_Dataset_.
##########

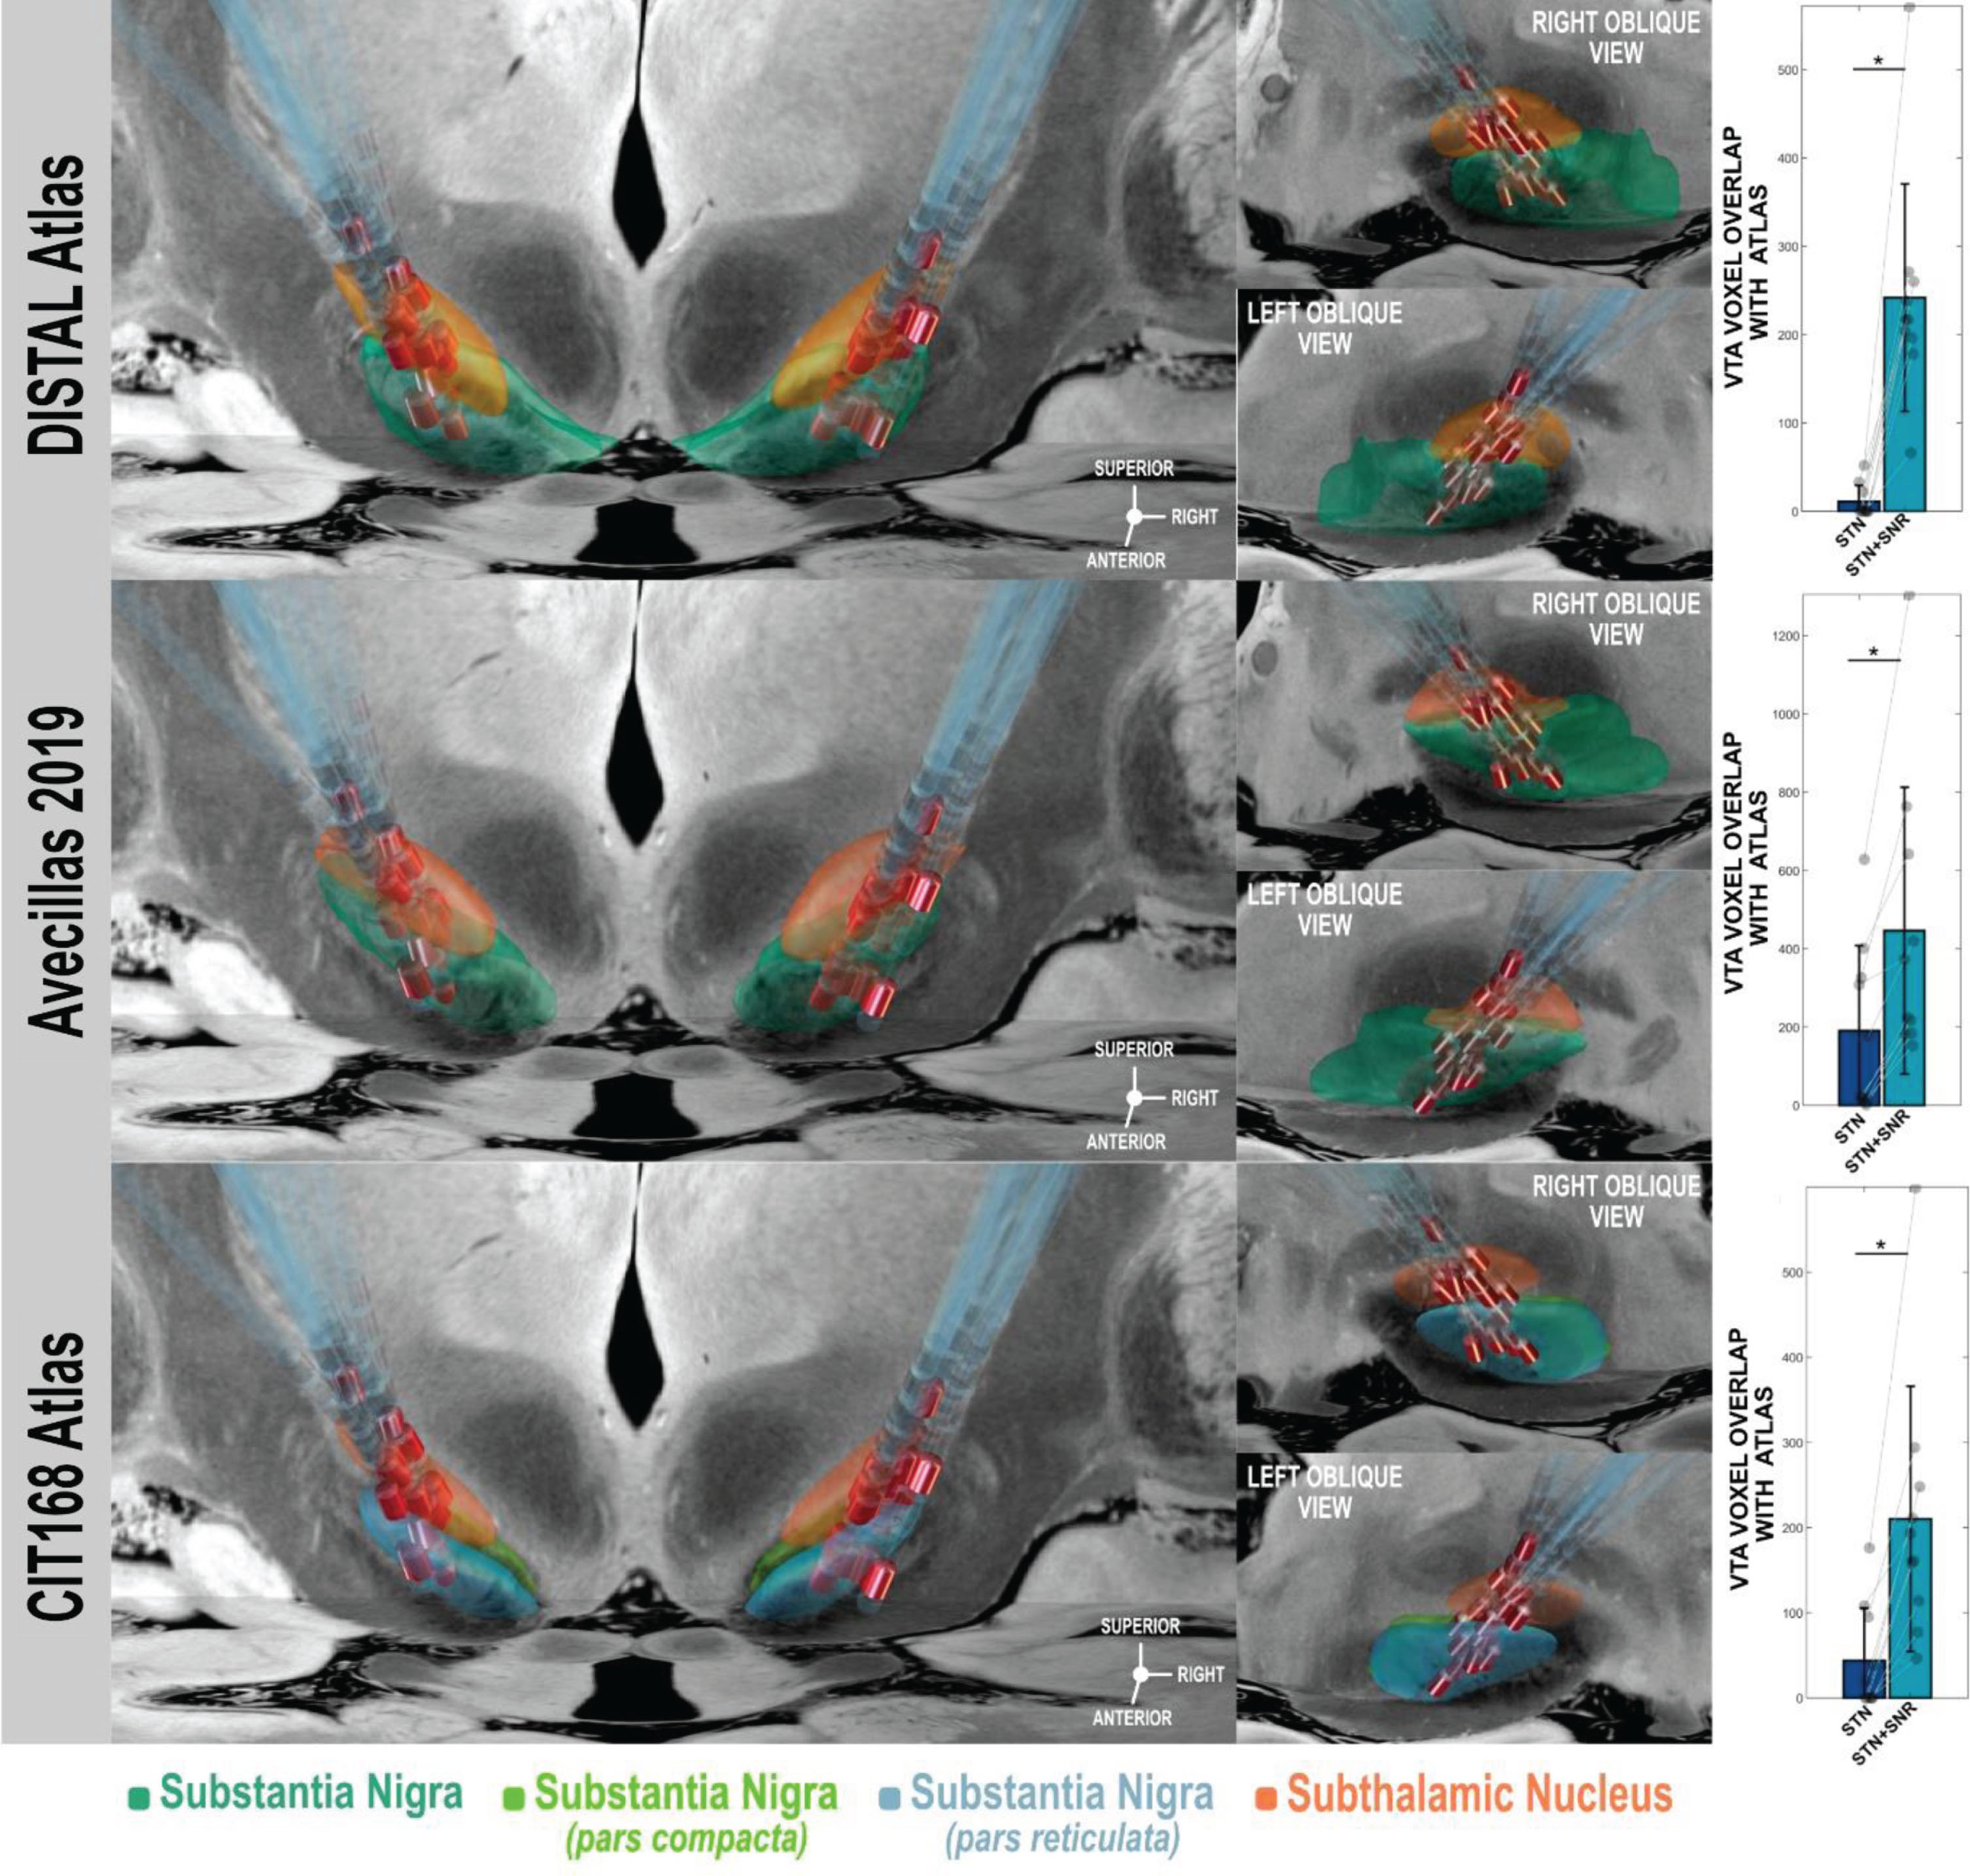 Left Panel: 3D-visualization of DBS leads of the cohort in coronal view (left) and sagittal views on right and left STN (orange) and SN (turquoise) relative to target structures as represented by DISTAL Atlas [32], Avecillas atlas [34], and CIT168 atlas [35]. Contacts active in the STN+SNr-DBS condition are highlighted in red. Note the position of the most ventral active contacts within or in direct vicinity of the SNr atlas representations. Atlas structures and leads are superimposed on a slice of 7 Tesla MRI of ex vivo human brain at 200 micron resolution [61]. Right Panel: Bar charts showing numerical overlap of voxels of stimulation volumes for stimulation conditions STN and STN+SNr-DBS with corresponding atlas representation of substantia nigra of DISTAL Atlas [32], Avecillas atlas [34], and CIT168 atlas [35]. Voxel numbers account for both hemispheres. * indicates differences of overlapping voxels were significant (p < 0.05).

##########

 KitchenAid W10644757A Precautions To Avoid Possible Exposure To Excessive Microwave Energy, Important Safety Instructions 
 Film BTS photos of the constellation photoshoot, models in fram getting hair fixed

##########

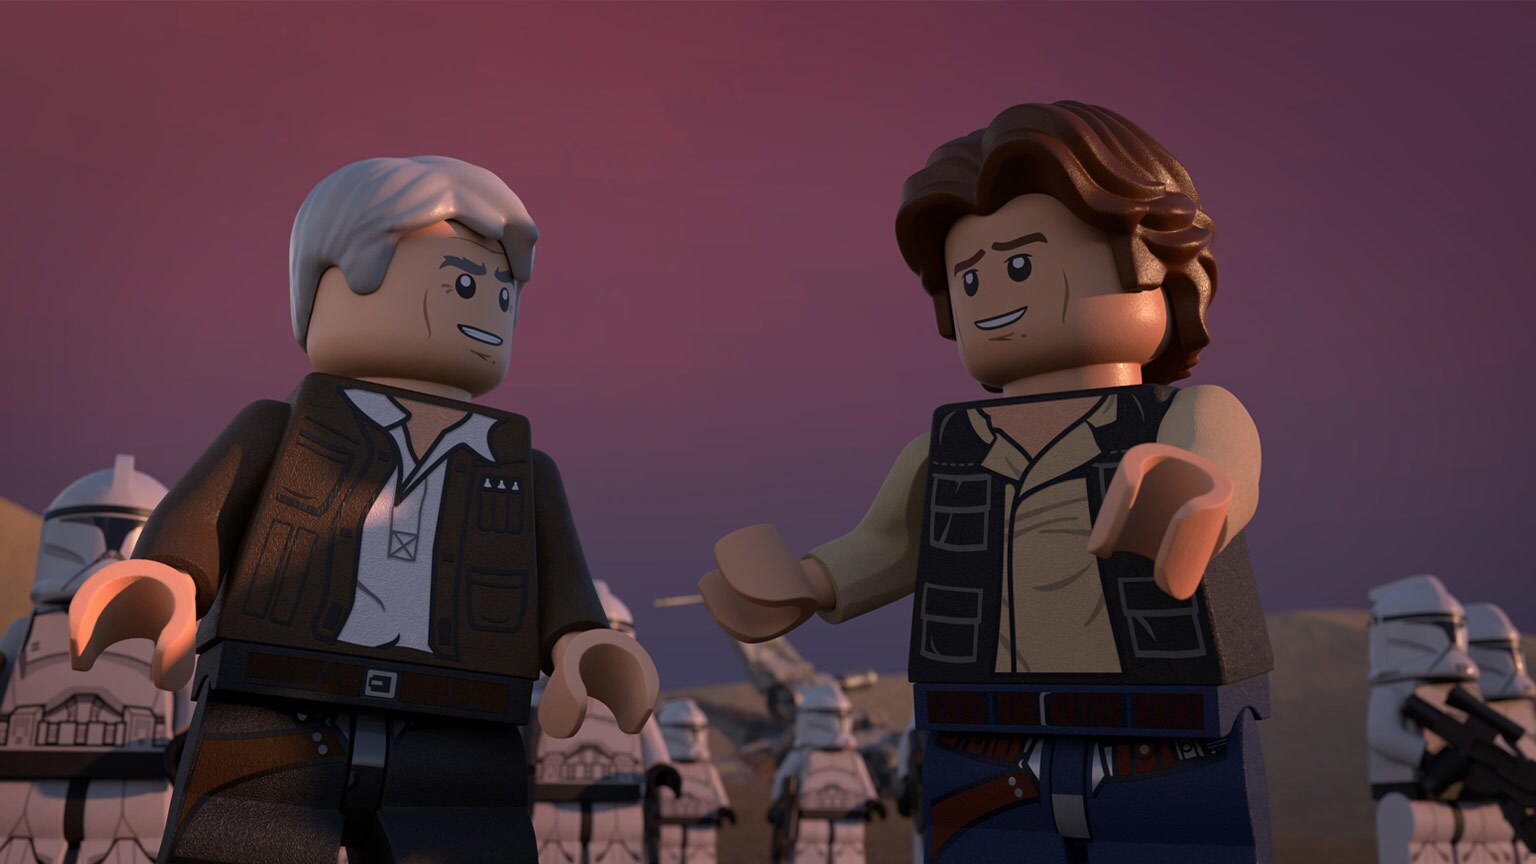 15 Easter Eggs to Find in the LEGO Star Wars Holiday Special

##########

_What this task involves_.
What are the lines, exactly as written above, from the line with "KitchenAid W10644757A Precautions" to the line with "Film BTS photos", both included? Output only those.

_Output below_.
 KitchenAid W10644757A Precautions To Avoid Possible Exposure To Excessive Microwave Energy, Important Safety Instructions 
 Film BTS photos of the constellation photoshoot, models in fram getting hair fixed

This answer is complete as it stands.